## RECORDED INFORMATION
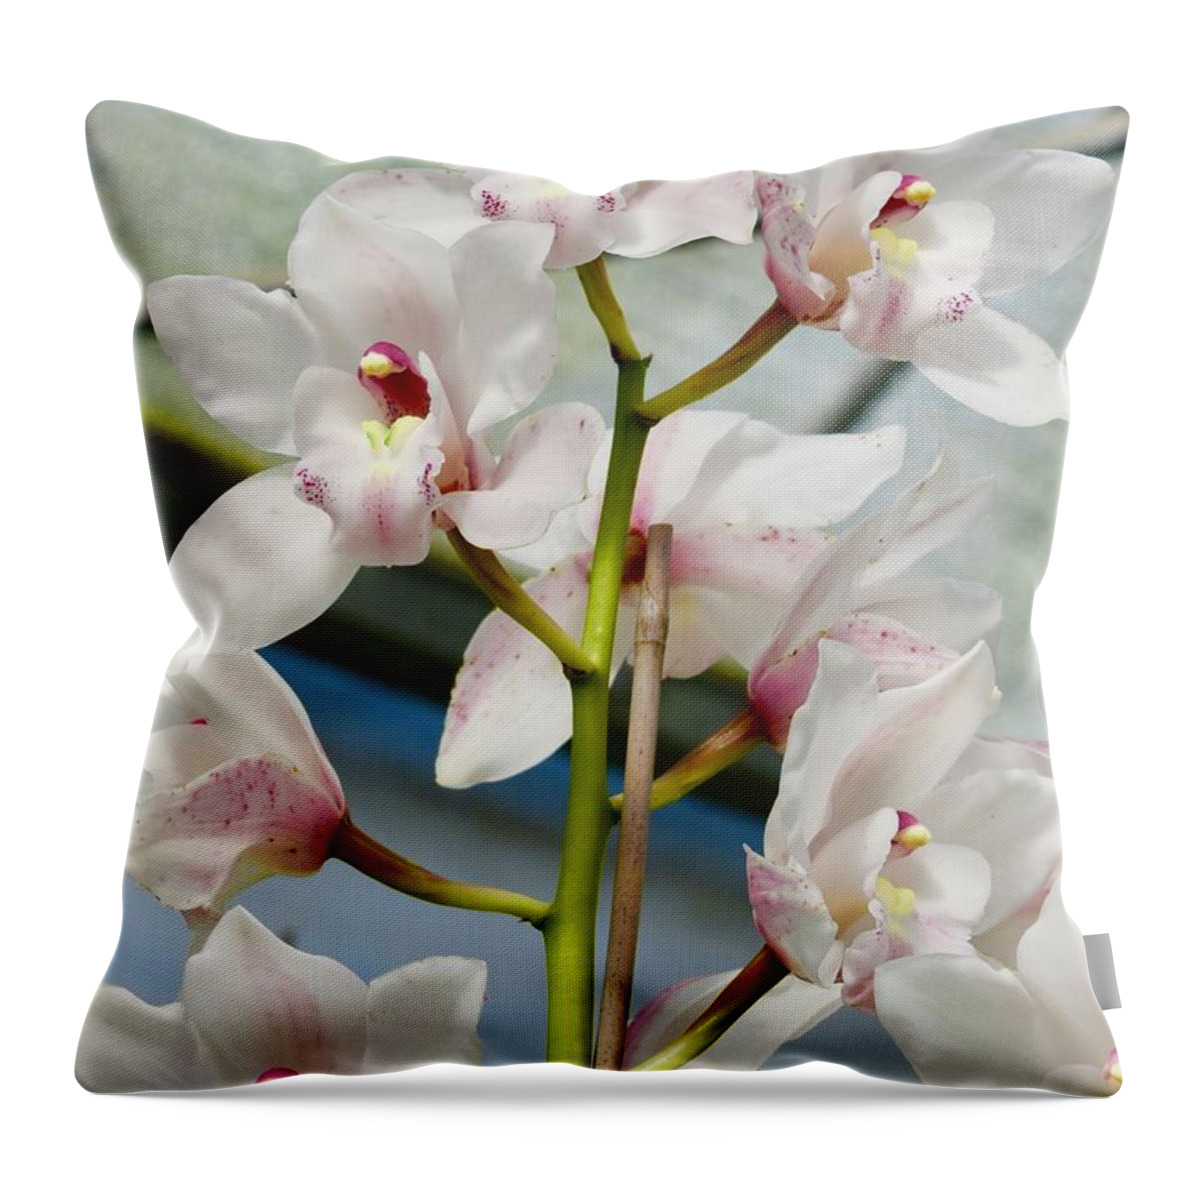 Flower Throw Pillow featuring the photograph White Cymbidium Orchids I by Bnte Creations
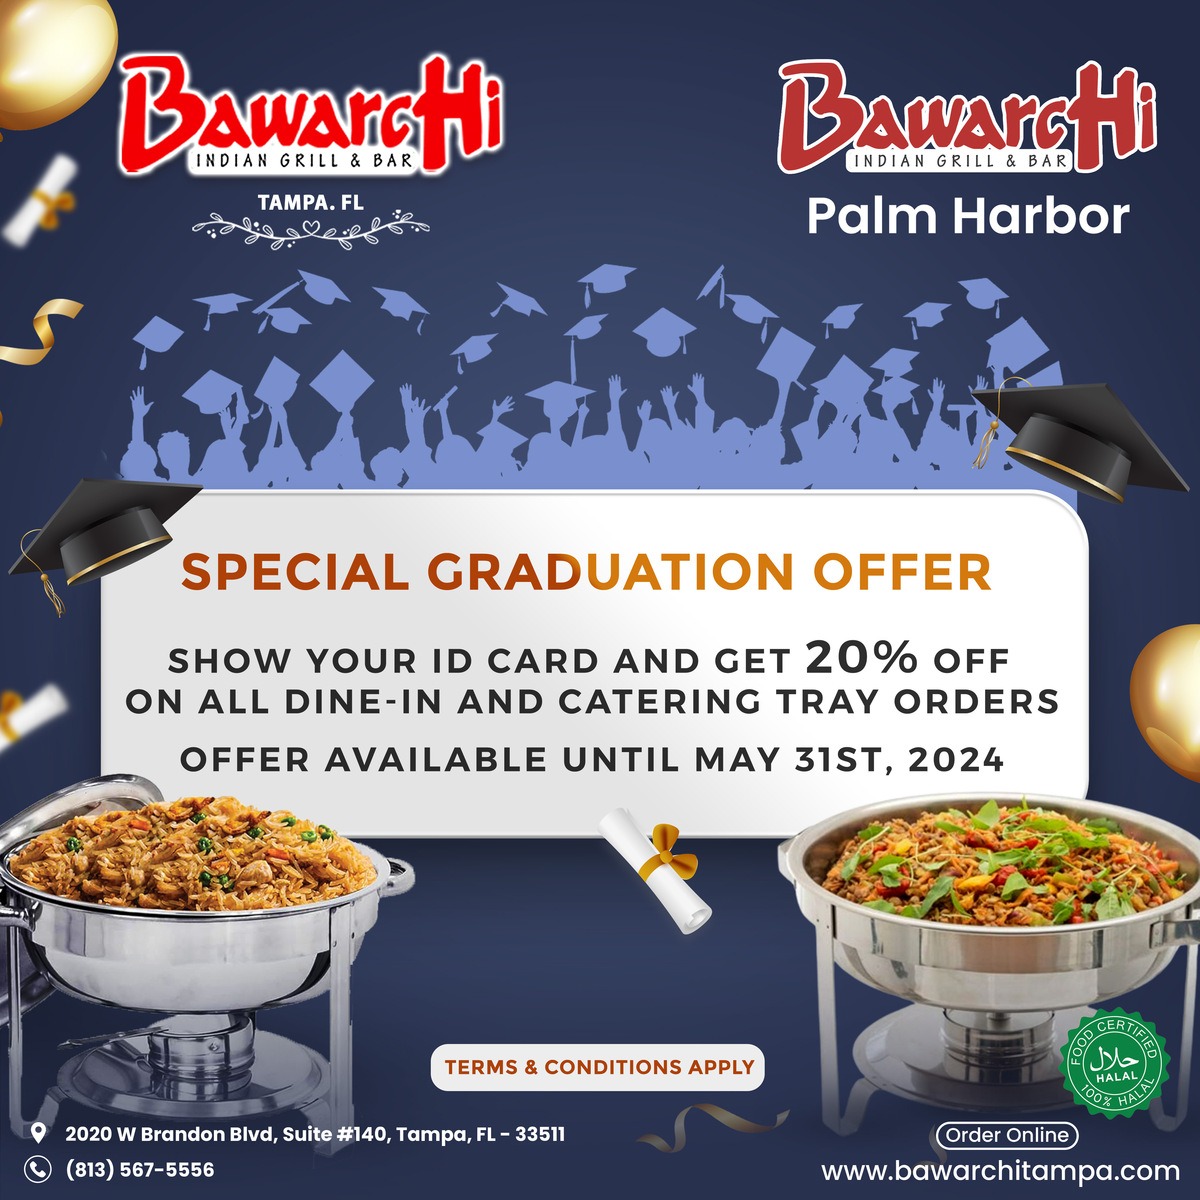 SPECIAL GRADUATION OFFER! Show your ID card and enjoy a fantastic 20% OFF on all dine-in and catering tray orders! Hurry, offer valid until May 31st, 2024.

...

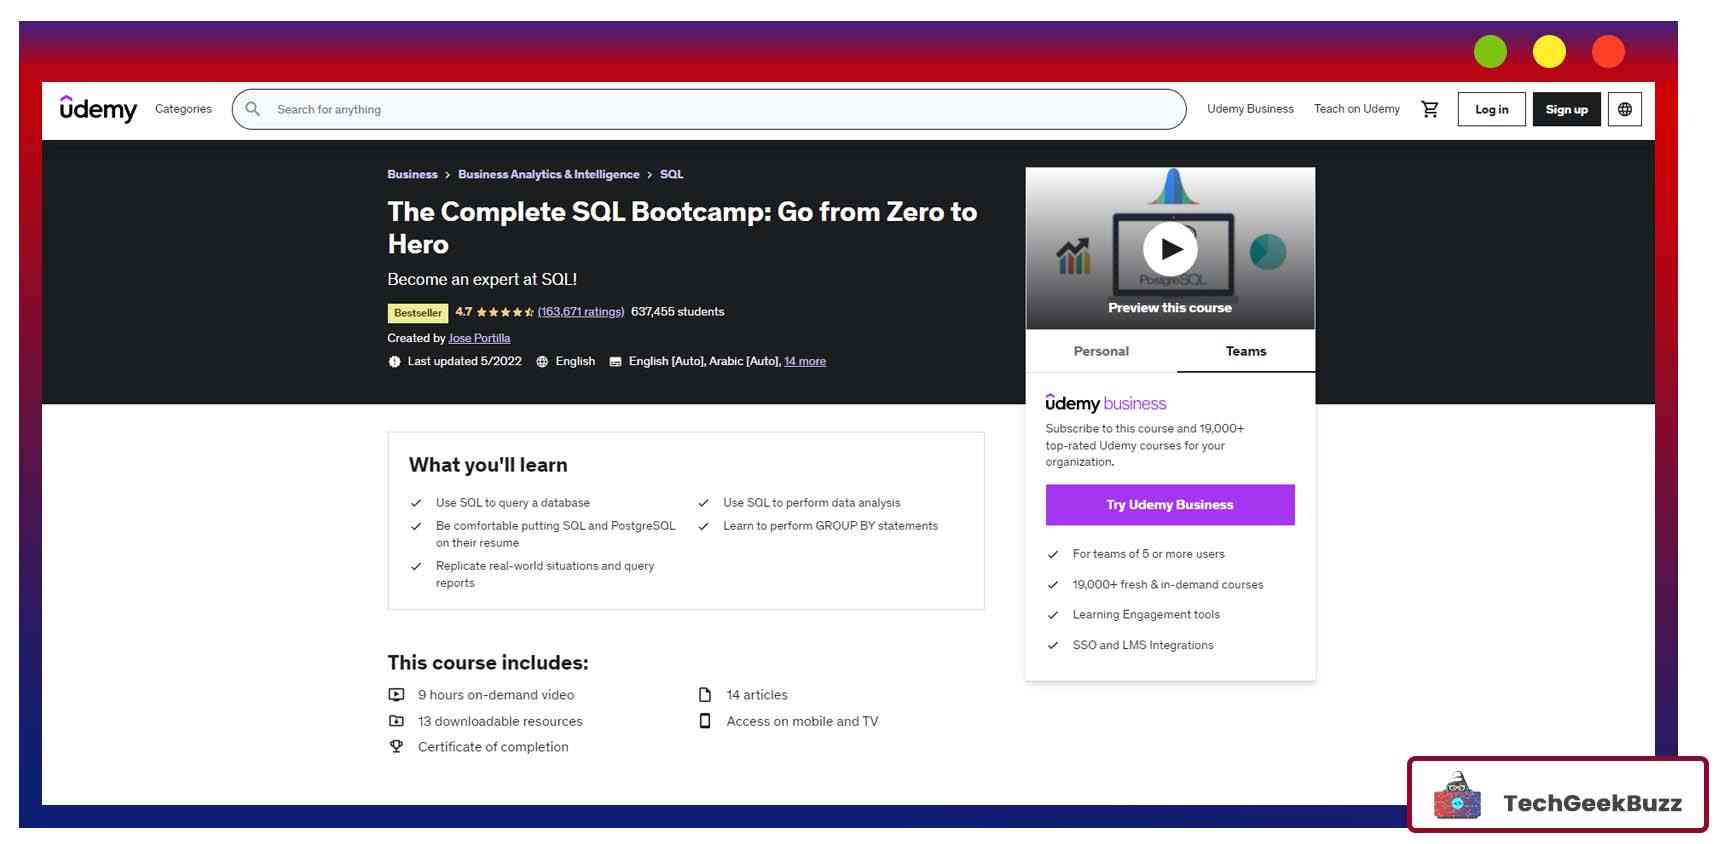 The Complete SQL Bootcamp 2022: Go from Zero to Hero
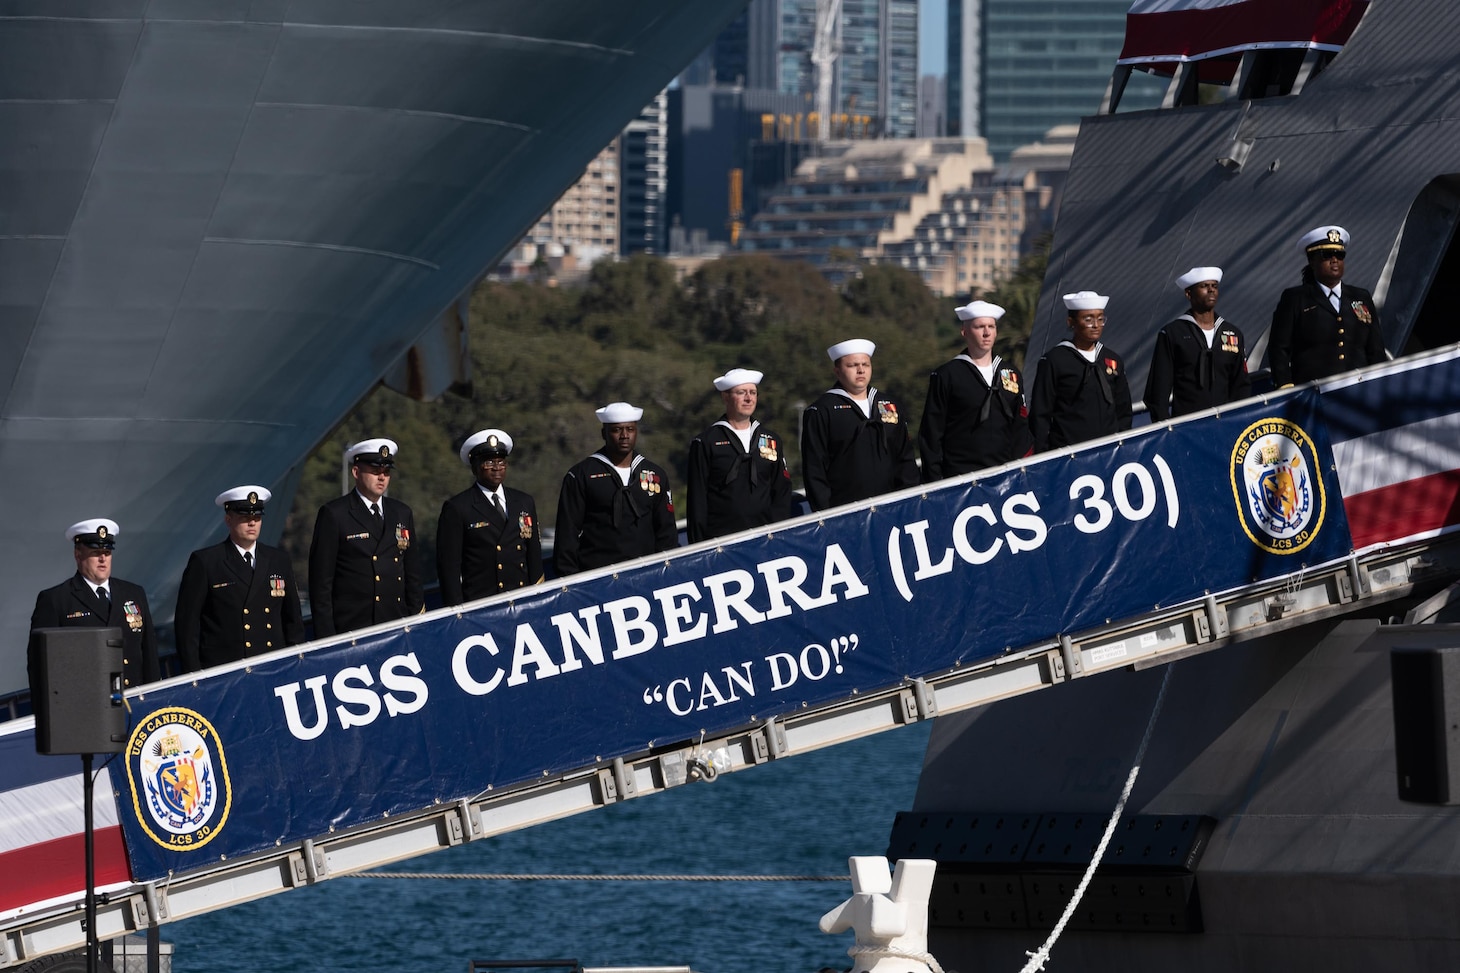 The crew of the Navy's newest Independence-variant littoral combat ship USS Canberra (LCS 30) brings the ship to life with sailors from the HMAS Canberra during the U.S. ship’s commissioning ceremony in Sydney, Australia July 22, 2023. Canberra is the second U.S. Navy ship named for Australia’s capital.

* * *

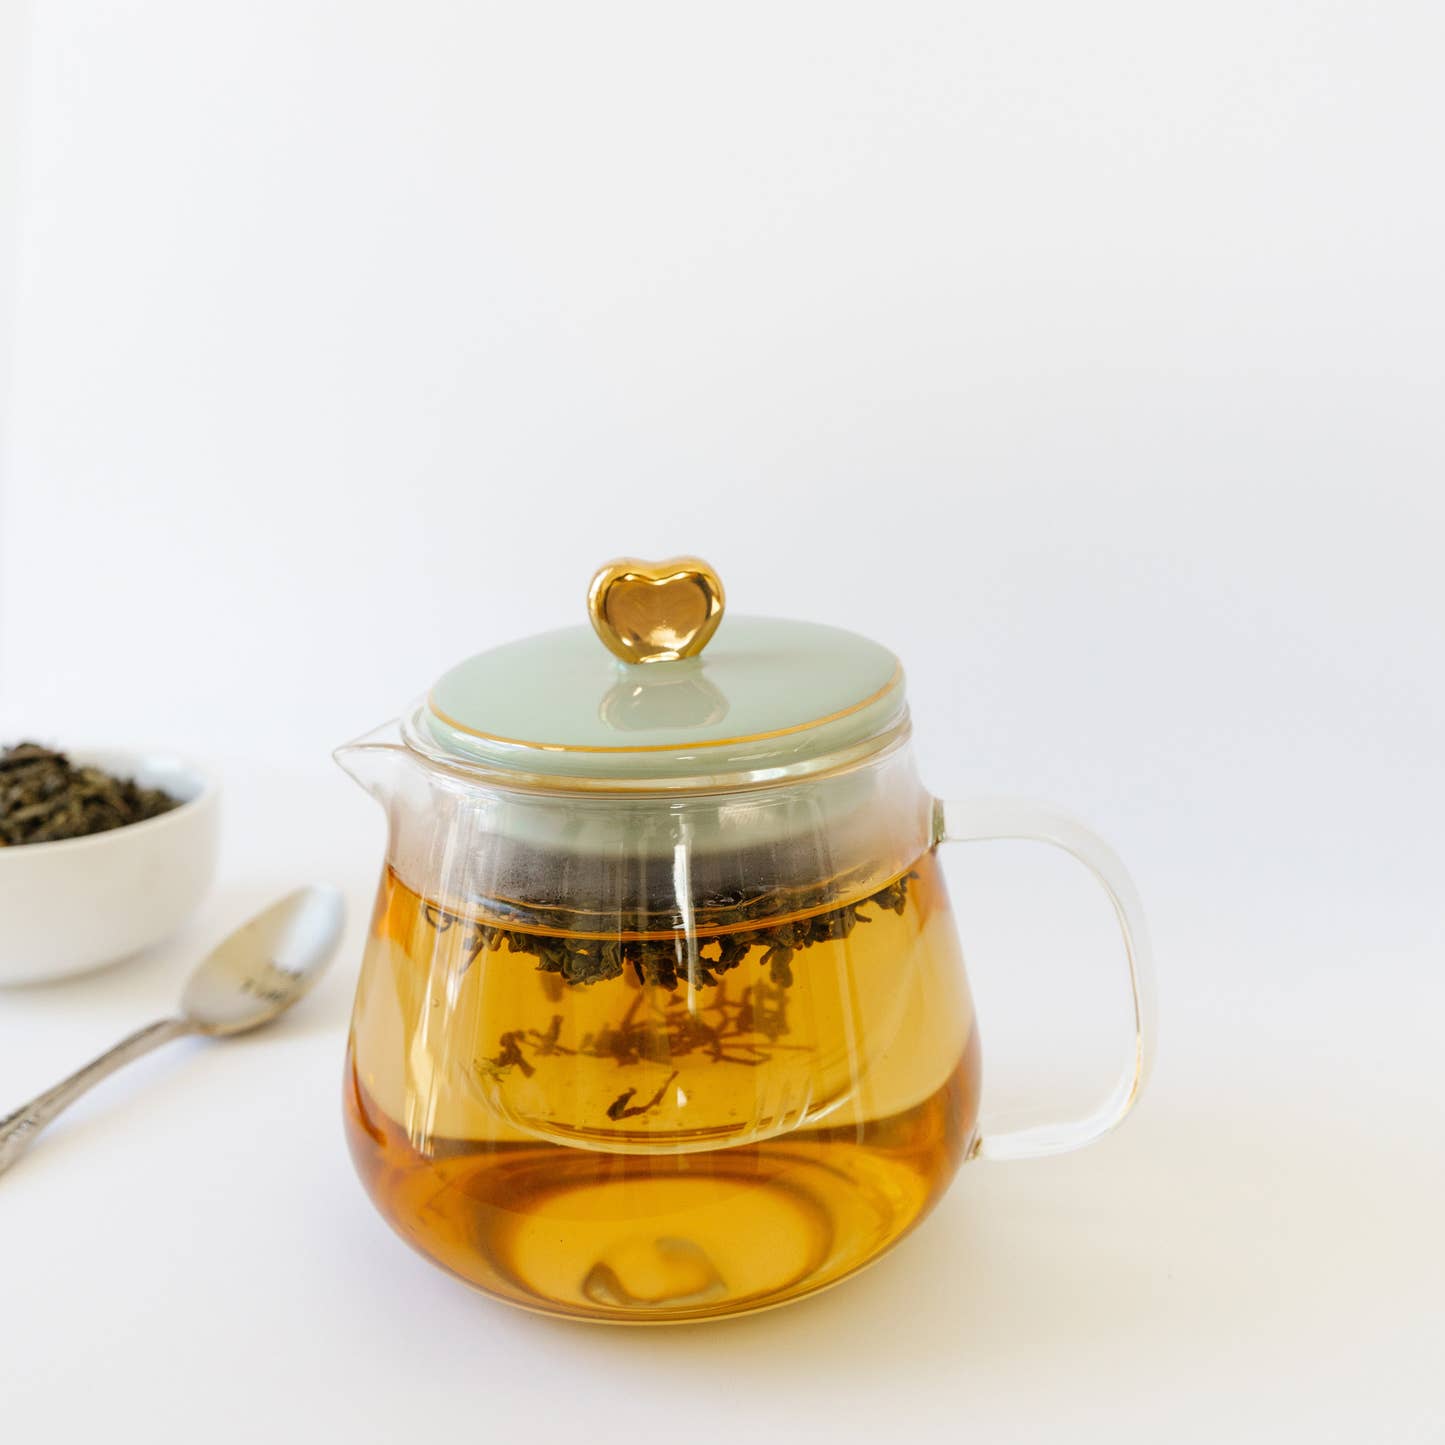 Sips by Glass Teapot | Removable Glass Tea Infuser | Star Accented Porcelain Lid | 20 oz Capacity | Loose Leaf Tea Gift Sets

## TASK PROMPT
Transcribe only this stretch of the data: the line with "Flower Throw Pillow", the line with "SPECIAL GRADUATION OFFER!", and every line in between. Leave out the pictures.

## ANSWER TO THE EXERCISE
 Flower Throw Pillow featuring the photograph White Cymbidium Orchids I by Bnte Creations
 SPECIAL GRADUATION OFFER! Show your ID card and enjoy a fantastic 20% OFF on all dine-in and catering tray orders! Hurry, offer valid until May 31st, 2024.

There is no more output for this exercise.